$\forall$ real $r \gt 0$, $\exists$ and natural number $M$ such that $\forall$ natural numbers $n>M$, $0 \lt \frac{1}{n} \lt r$
I think I understand this up until the last part $0 \lt \frac{1}{n} \lt r$. I believe this is true because from my perspective it seems like it is saying 'there is a number $n$ bigger than $M$ and if you take the reciprocal of that $n$ then it will be between $0$ and $r$
Is my assessment correct?
Let $x$ be a real number. If $7 \le x \lt 7+ \epsilon$ for all $\epsilon \gt 0$, then $x=7$
I believe this is true because my value of $x$ is either bigger than or equal to $x$, and since it smaller than $7+\epsilon$ that means it cannot take on values of $x$ in the neighborhood of $7$, so it must be $7$, right?

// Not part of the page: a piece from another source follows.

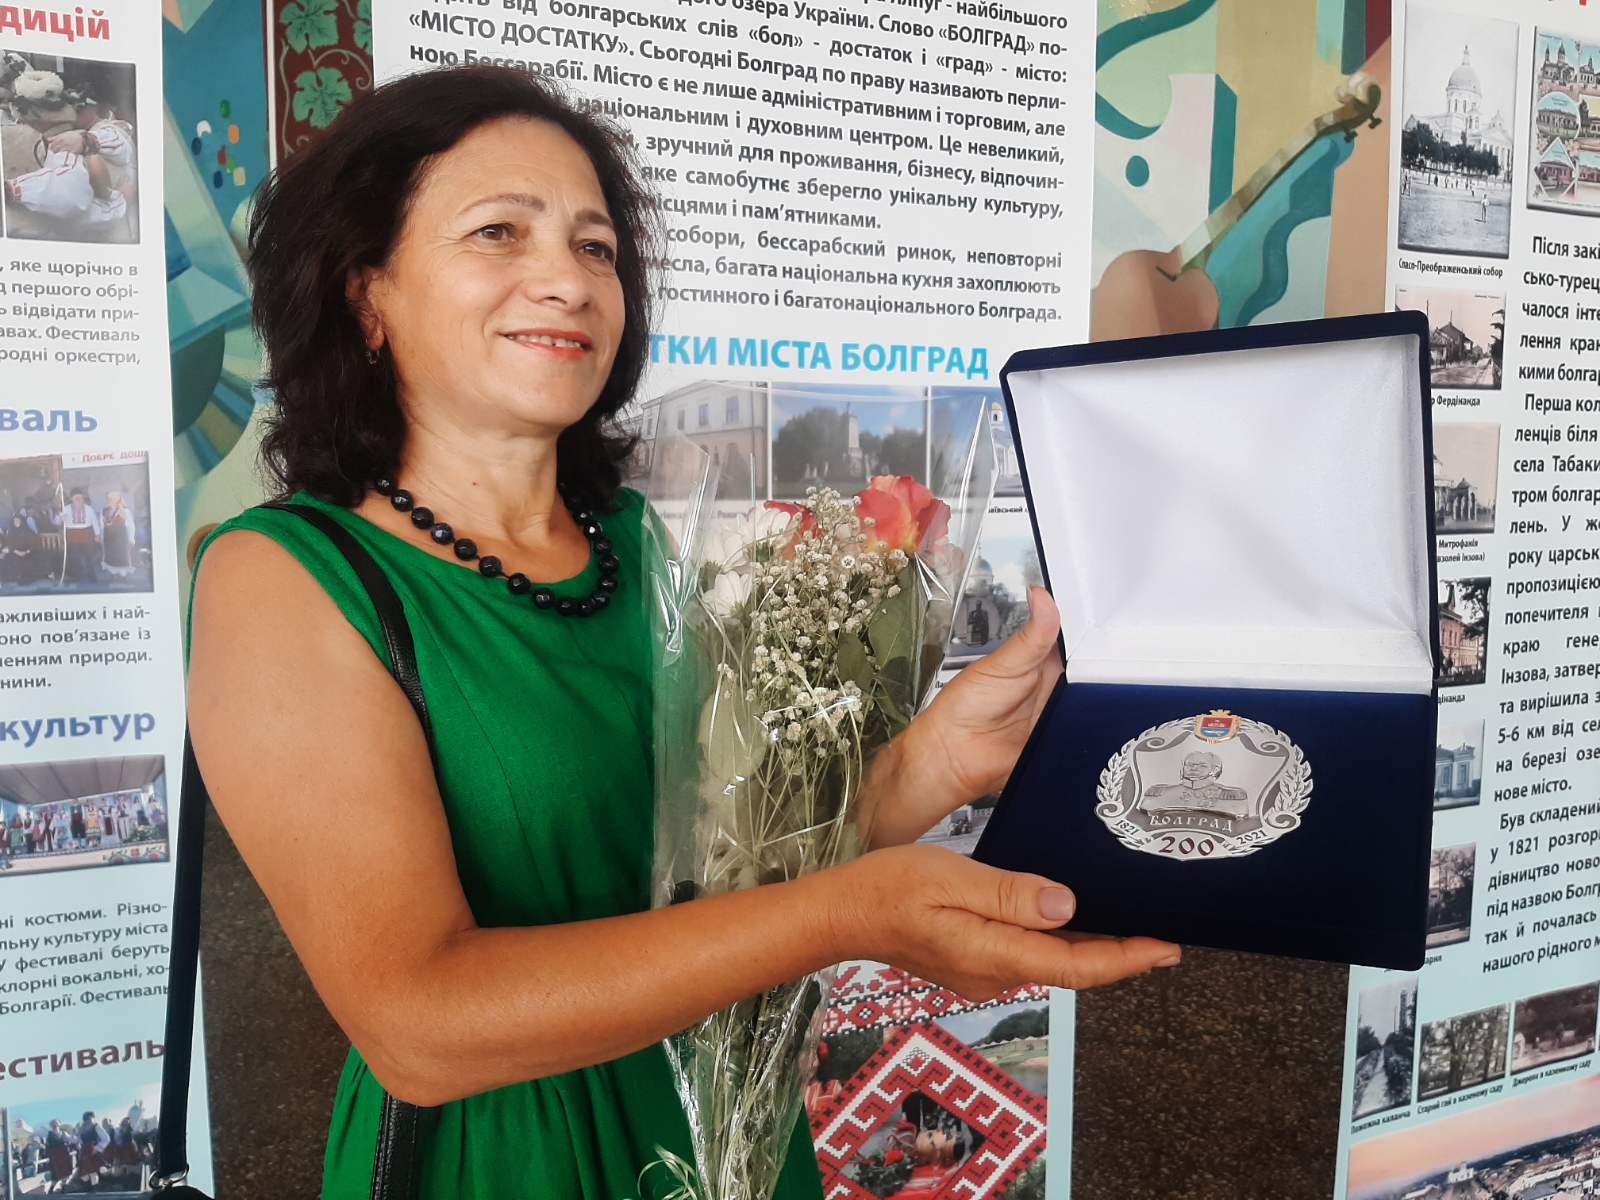 Во время празднования двухсотлетия Болграда местный хор представил гимн города

For any set $S$ of real numbers, every boundary point of $S$ is either an upper bound or a lower bound of the set $S$.
I feel like this somewhat confusing because of the infimum and supremum ideas. My gut tells me this false because does not have to be an upper or lower bound.
Best Answer
Your assessment of the first statement is correct. It's actually equivalent to saying that $\Bbb{N}$ is unbounded above. For suppose $\Bbb{N}$ were bounded above by some $x \in \Bbb{R}$; then let $n = \sup(\Bbb{N})$. Since for all $a, b \in \Bbb{N}$ we have $a = b$ or $|a-b|\geq 1$, it follows that $n \in \Bbb{N}$. But then by the induction property $n+1 \in \Bbb{N}$, and so $n$ is not an upper bound, a contradiction.
Your reasoning for the second problem is correct, though you could make it more rigorous.
The third statement is false, for let $S = [a, b] \cup [c, d]$ for $a < b < c < d$. $b$ is in the boundary of $S$, but it is neither an upper nor lower bound of $S$.